頭痛の種がまた増えて、私は盛大にため息をついてしまう。
「タエ、それくらい自分でやりなさい。それと真桜」
悲鳴染みた声を発するタエを無視して、真桜を横目で見上げる。
「真桜は、私にとって特別だから。じゃなきゃ一緒にいたいとか思わないし、あれだって許したりしないから」
専用ルームでのことを思い出すだけでも、私の顔が熱くなっていくのがわかる。
「麗良。
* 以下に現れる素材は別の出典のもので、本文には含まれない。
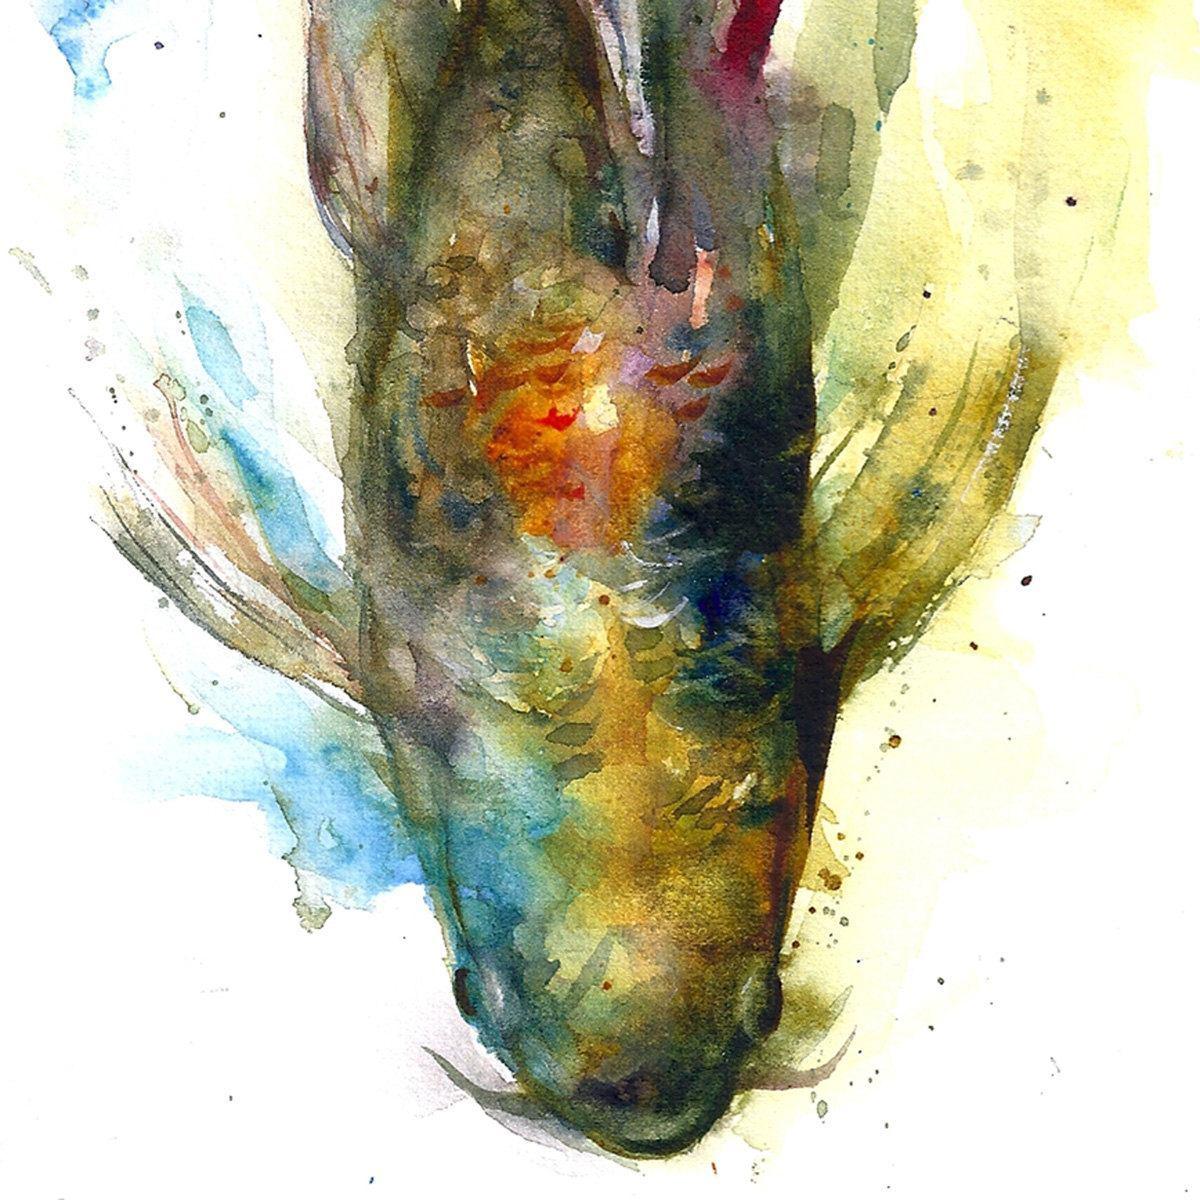 Dean Crouser Paintings a Colorful Dean Crouser

……私は普段からそういうことを口にしてほしいのよ!」
嬉々として声を上げる真桜の喜びように、私は呆れて笑ってしまう。
私にとって恋がどういうものか、まだわからないでいる。
だけどこれがそうなのであれば、受け入れざる得ない。
だって私は、真桜のことが好き。
この想いは誰にも譲らないし、譲ってあげるつもりもない。
あと、好きの安売りを続けていたら、真桜のことだからそれ以上を求めてくるだろう。
だからそう簡単には口にしないし、態度にも出さない。
これが私なりの気持ちのセーブの仕方、歯止めが利かなくなったらどうなるかも不明だ。
それくらい、私は真桜に夢中になっている。
出逢い方は金で買うという印象は最悪だったけど、そこも含めて真桜。
今後どうなるかはわからないけど、私は真桜のそばをいるつもりだ。
……真桜も、私と同じ気持ちであってほしいと願ってしまう。
「ほら、教室に入るよ」
私は真桜の手を取って、教室へと引っ張るように促した。